Commentary: Seforno Bereshit 43:11
Take some of the choicest [produce] of the land - The present brought to a person eager for wealth needs to be of great quantity to satisfy the eye of the money-hungry. It was of this sort that was Jacob’s present to Esau. But when a present is being brought to a wealthy, aristocratic person, for whom monetary value is of no significance, it is appropriate that it should be little, but it will be a choice thing which is kept in small quantities and found in royal palaces. And of this sort was this present for Joseph.

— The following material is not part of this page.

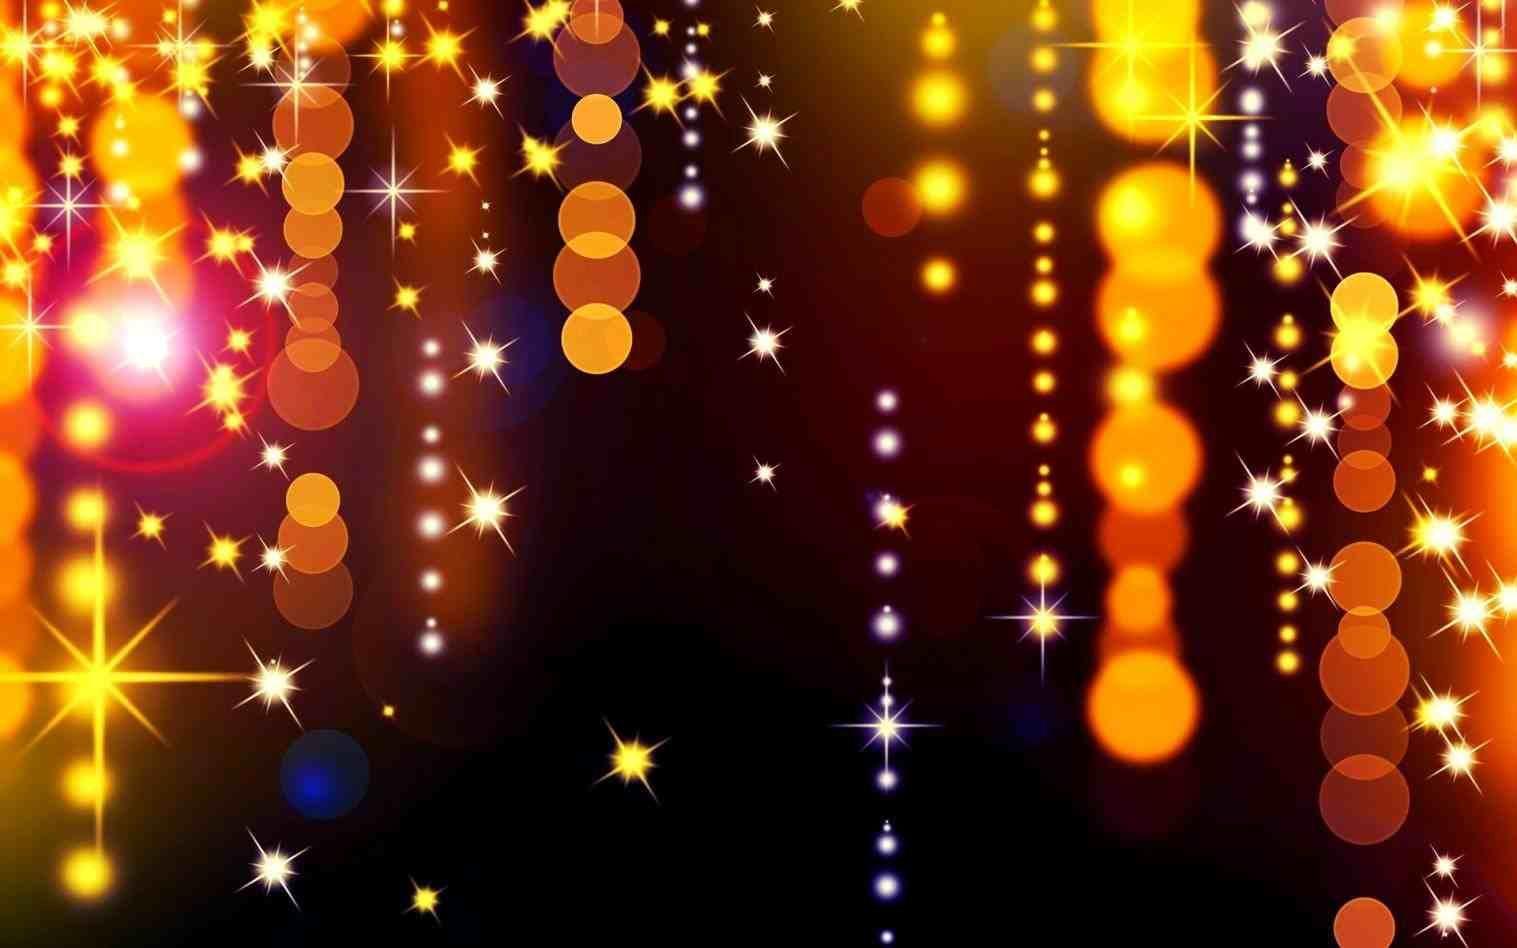 New Post Cute Christmas Lights Wallpaper Iphone

·      What is the “gift-giving dilemma” that Jacob is facing here? What impression does he want to make on the Egyptian lord? Why?
 
·      What social rule has Seforno formulated based on reading the book of Bereshit? Do such gift giving rules apply today?
HAFTARAH
Golden Bowls and Grand Concepts
Bex Stern Rosenblatt

The biggest, grandest concepts in Judaism often are found hidden under pages and pages of details. It is from the reading, the observance, the making sense of these details that we begin to construct the grander concept, that we realize we are in the presence of something bigger.
 
Nowhere is this truer than in the building of and observance around the Mishkan (Tabernacle) and then the Temple. The instructions for building the Mishkan, repeated twice, are overwhelming. From needing to procure dolphin skins to acacia poles to a precise number of goat-skin cloths, we are taught how to structure our society so that we can produce what is needed to construct and maintain such a site. Moreover, we are constructing such a site and structuring our society in such a way toward a specific purpose, namely so that God can dwell among us.
 
Our haftarah begins with this idea of dwelling. We read, “Shout out and rejoice, Daughter Zion, for behold I am coming to dwell among you.” The First Temple had been destroyed. We had been to exile and back again. And we are now building the Second Temple. God confirms to us that God will once again return to God’s dwelling place, among us, in the Temple.
 
However, without much ado we find ourselves buried again in details. Zechariah is presented with a strange vision. If the details around the construction of the Mishkan were obscure, the details Zechariah receives here about a menorah are cryptic. We read, as Robert Alter translates, “a lampstand all of gold and a bowl on its top, and its lamps were on it, seven pipes for the lamps on its top. And there were two olive trees by it, one to the right of the bowl and one to its left.” For the past few millennia, no one has been able to sketch out this image definitively. How the pipes connect to the lamps and how many pieces we’re talking about is incredibly unclear. It seems to be describing the same menorah we are familiar with from the Temple. But even Zechariah does not understand the image. He asks for clarification what the image is and is told by an angel or messenger that the meaning is “not by might and not by power but by my spirit.”
 
The angel seems to have made several logical leaps to get from golden bowls to God’s spirit. And very often, when we read this haftarah, we read only the angel’s words. We skip to the grander concept, this seeming rejection of might and power, having given up on following the logic that connects the image of the menorah to the bigger concept. And yet, as we read this haftarah on Hanukkah, on the holiday celebrating the rededication of the Temple, we can throw ourselves back into the details. As we each light our hanukkiah this season, take time. Consider the symbolism of the act and the details that went into the construction of the physical object and the ritual. And from that consideration, perhaps we can construct a stronger sense of what the bigger concept is.